Avec le déclenchement de la guerre au Moyen-Orient, l'avenir économique des États-Unis et même celui du monde se dessine de manière sombre. Les analystes montrent, ces derniers jours, un souci grandissant face aux répercussions de cette crise internationale. Joseph Stiglitz, ancien économiste en chef de la Banque mondiale et récipiendaire d'un prix Nobel, affirme que "les États-Unis sont plus que jamais vulnérables à une stagflation", rappelant les chocs pétroliers des années 1970.
"Le risque de stagflation semble assez élevé pour les États-Unis", a-t-il déclaré à l'AFP, soulignant que les politiques économiques de l'ex-président Trump avaient déjà affaibli l'économie américaine.

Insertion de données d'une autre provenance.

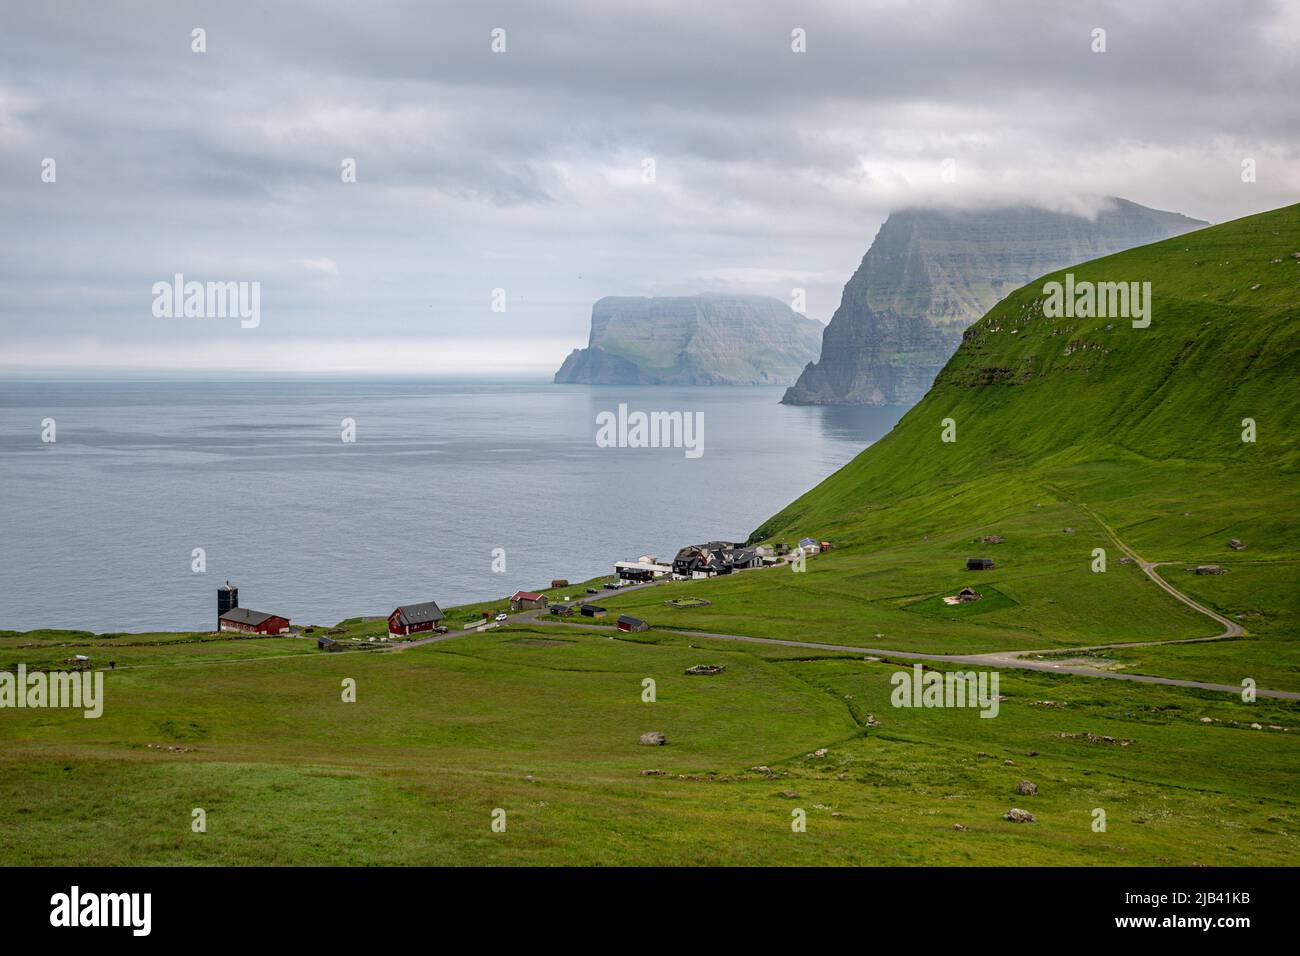 Trollanes village, Kalsoy Island, Faroe Islands Stock Photo

Hélène Baudchon, cheffe économiste adjointe chez BNP Paribas, abonde dans ce sens : "Plus le conflit perdure, plus la flambée des prix du pétrole impactera l'économie. Les perturbations des chaînes d'approvisionnement pourraient également aggraver les effets inflationnistes, touchant davantage que le seul secteur pétrolier". Dans un tel cadre, les banques centrales seraient amenées à intervenir, pénalisant ainsi l'économie mondiale.
Moody's souligne une probabilité de récession accrue
Le climat se détériore pour l'économie américaine, et les voix s'élèvent concernant le risque de récession. Mark Zandi, économiste en chef chez Moody's, estimait avant le conflit que le risque de récession était déjà de 49% pour les 12 prochains mois. "La récente hausse de ce risque est attribuable à la faiblesse du marché du travail, mais presque toutes les données économiques montrent une tendance à la baisse depuis la fin de l'année dernière", explique-t-il.
"Il n'est pas exagéré de penser que le risque de récession pourrait dépasser 50% à cause de la guerre en Iran et de la hausse des prix de l'énergie", poursuit Zandi, relevant que chaque récession post-Seconde Guerre mondiale, à l'exception de celle liée à la pandémie, a été précédée d'un pic des prix du pétrole.
Une perspective contrastée entre les experts économiques
Pour donner un sens à ces tendances, le baril de Brent, référence internationale du pétrole, affichait une hausse de plus de 4% récemment. Selon Zandi, si les prix du pétrole demeurent élevés, une récession serait difficile à éviter. Cependant, des économistes, comme ceux d'Oxford Economics, avancent que les prix devraient atteindre 140 dollars le baril pendant deux mois pour plonger l'économie en récession. En revanche, Goldman Sachs prédit une probabilité de récession de seulement 25%, tandis que JP Morgan la fixe à 35% avant même le début des hostilités en Iran.